* [REQUIRED WORK]: Print the listing below verbatim, passing over each picture.

* [SOURCE MATERIAL]:
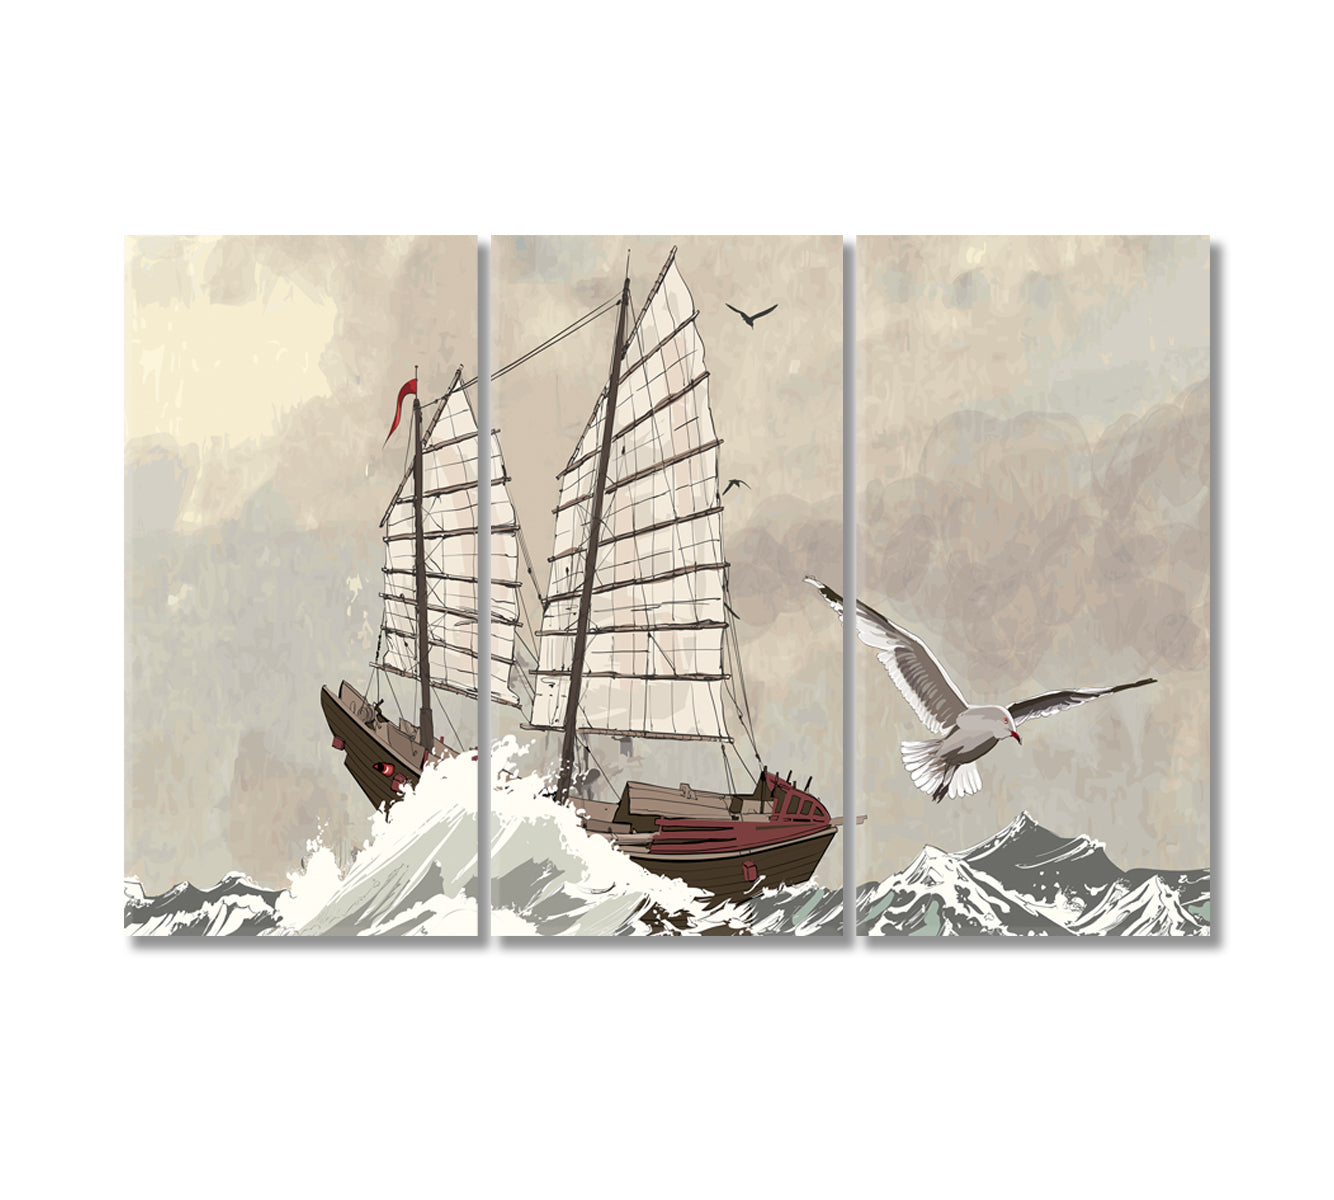 Old Sailing Ship Canvas Interior Design-Canvas Print-CetArt-3 Panels-36x24 inches-CetArt
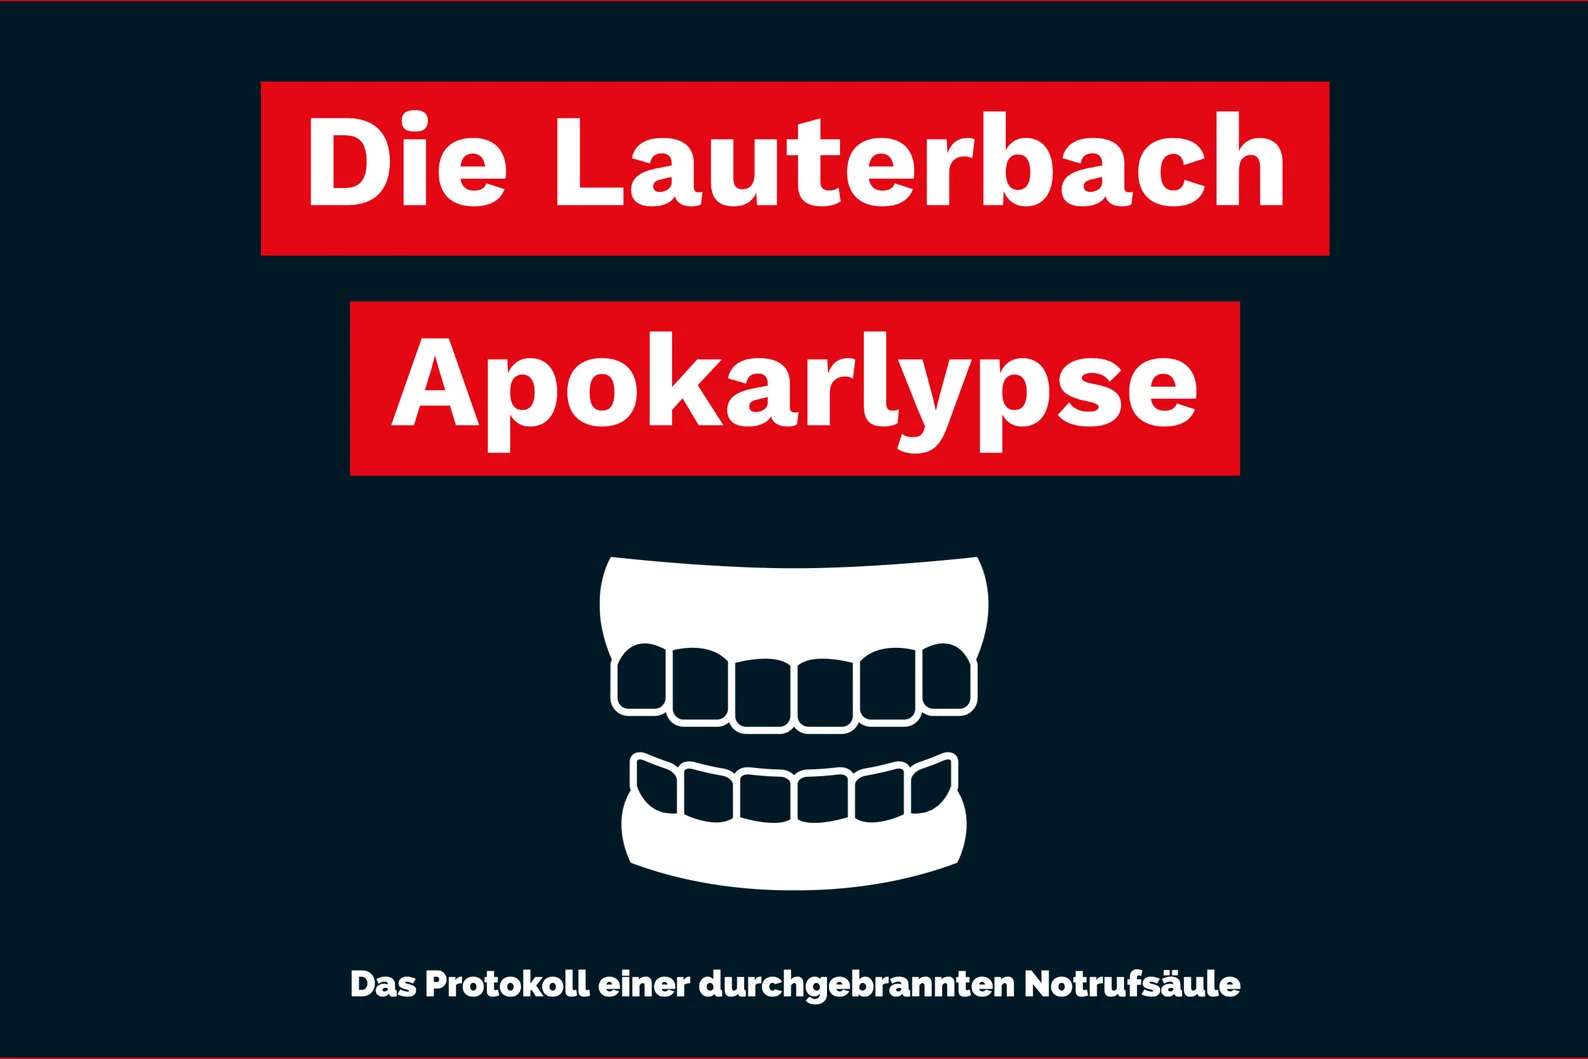 Die-Lauterbach-Apokarlypse
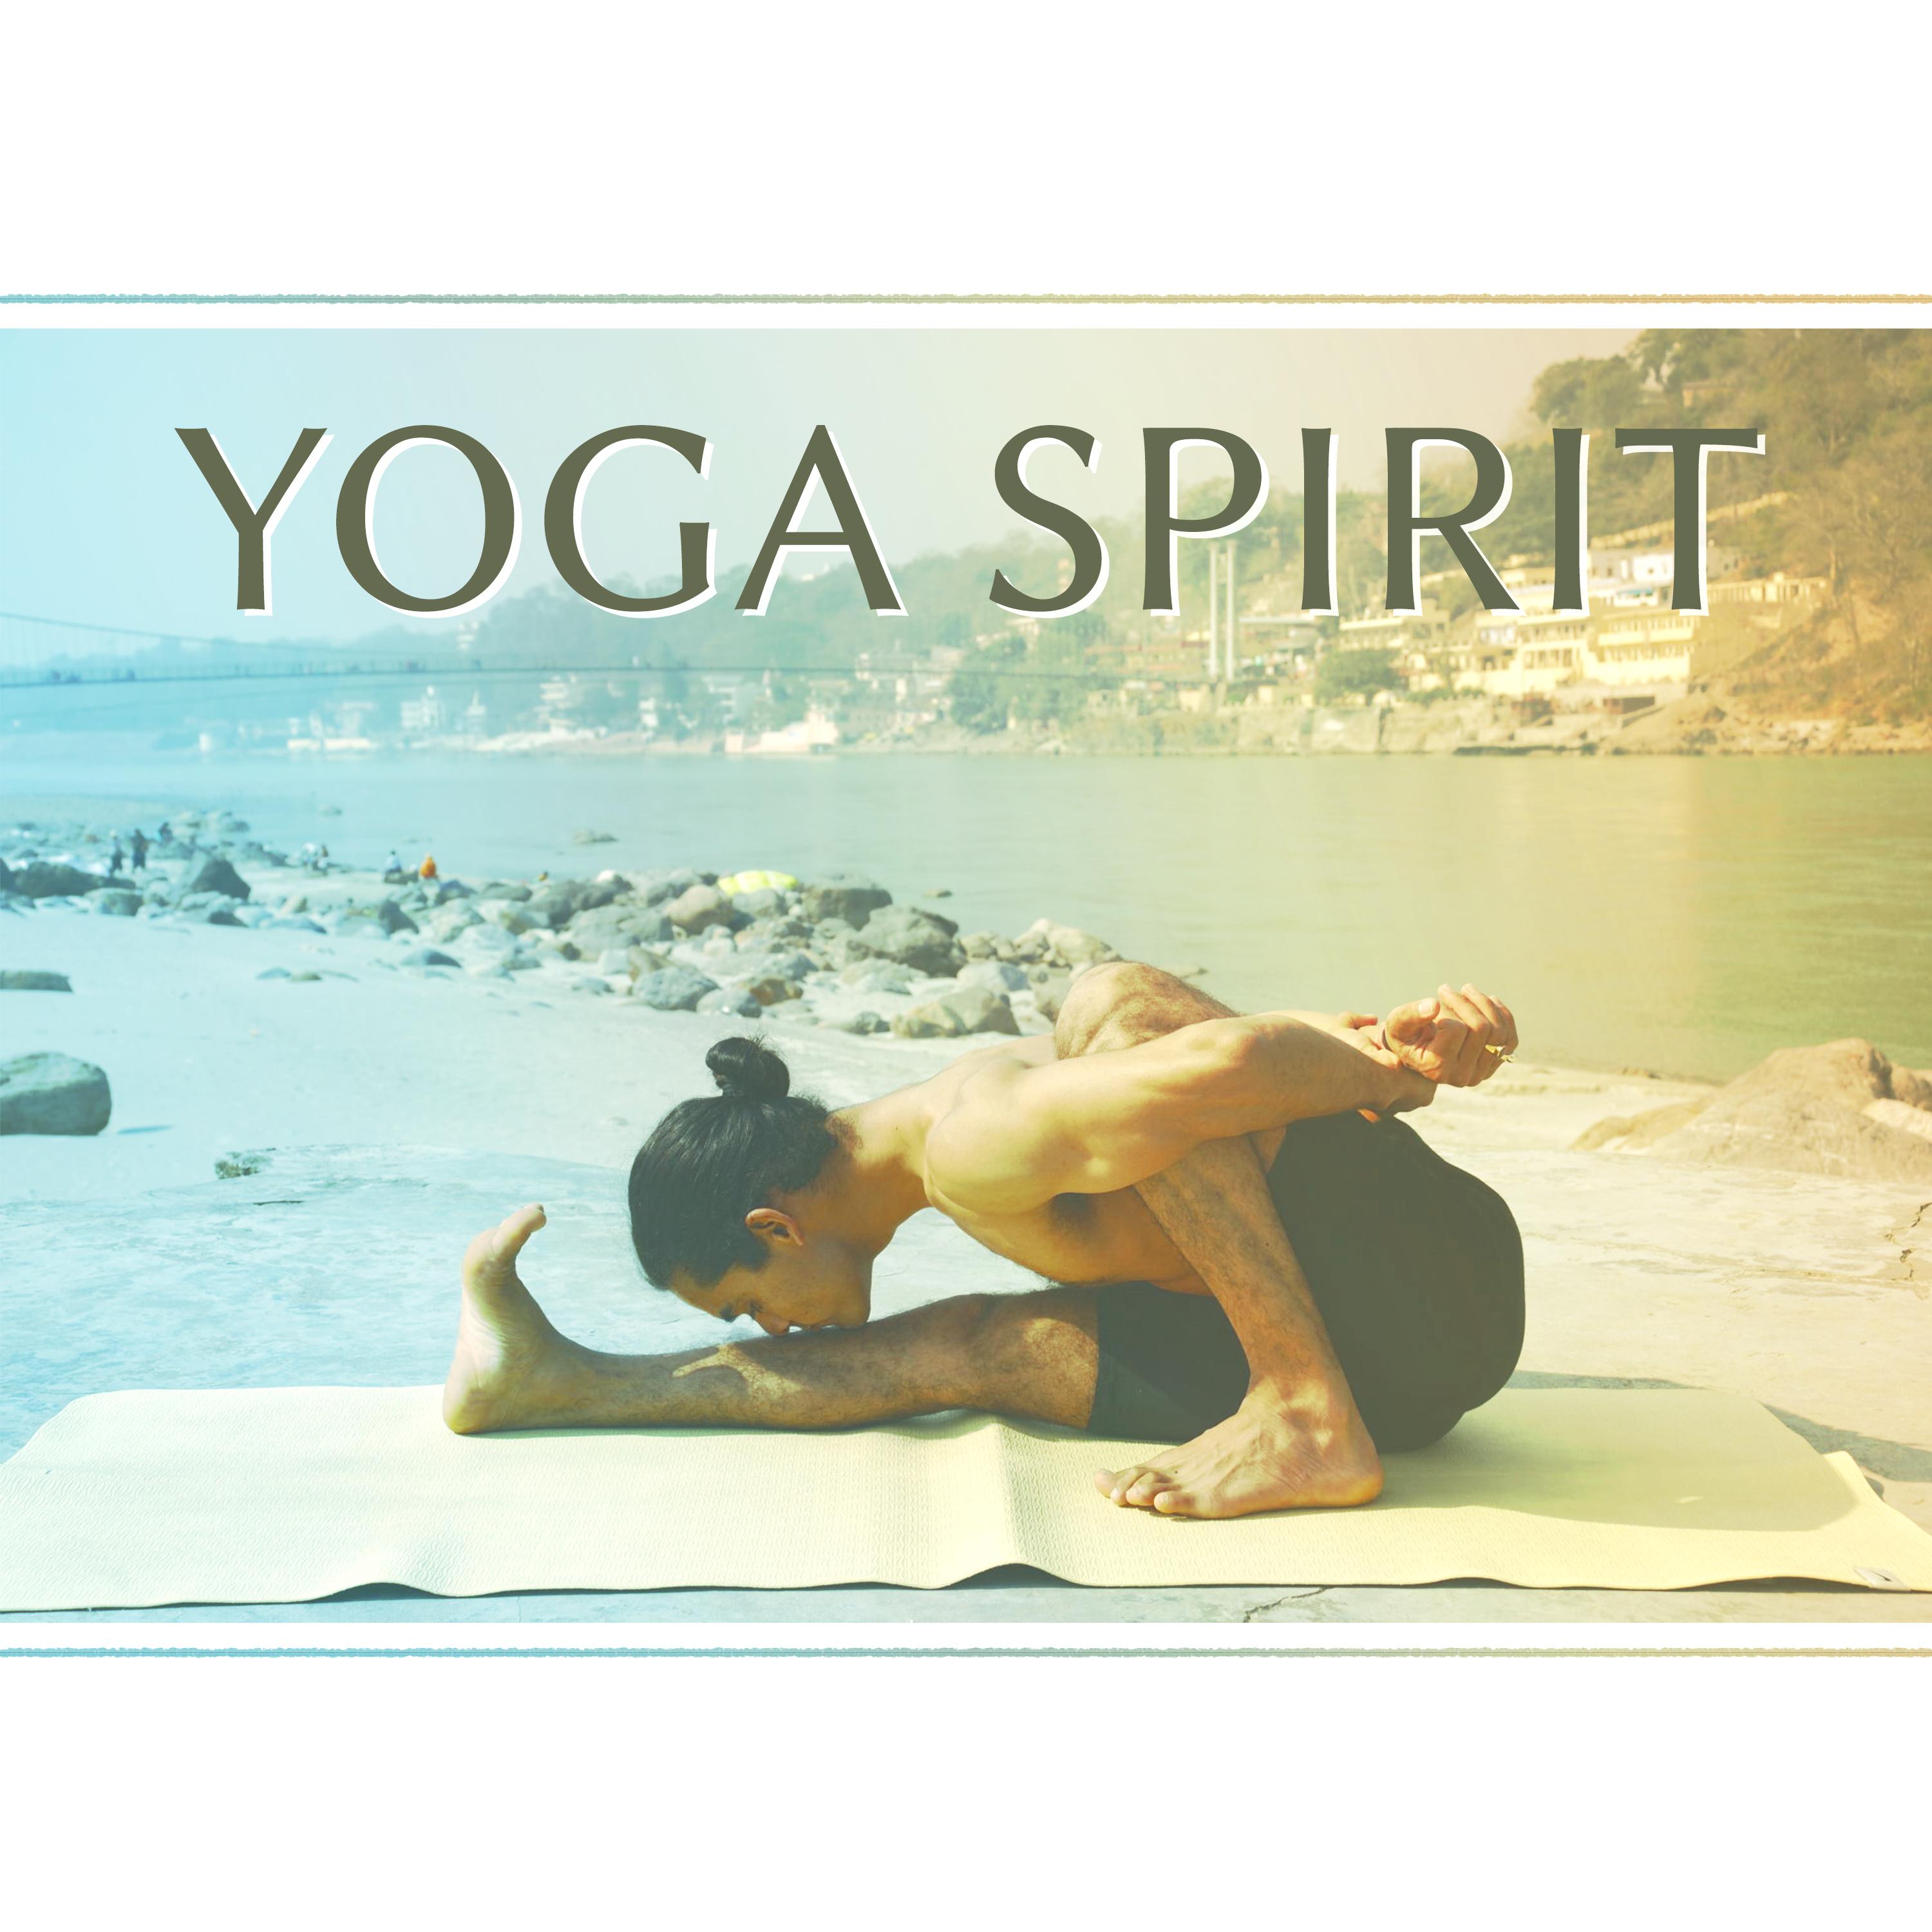 Yoga Spirit – Meditation Music for Free Your Body

* [RESPONSE BOX]:
 Old Sailing Ship Canvas Interior Design-Canvas Print-CetArt-3 Panels-36x24 inches-CetArt
 Die-Lauterbach-Apokarlypse
 Yoga Spirit – Meditation Music for Free Your Body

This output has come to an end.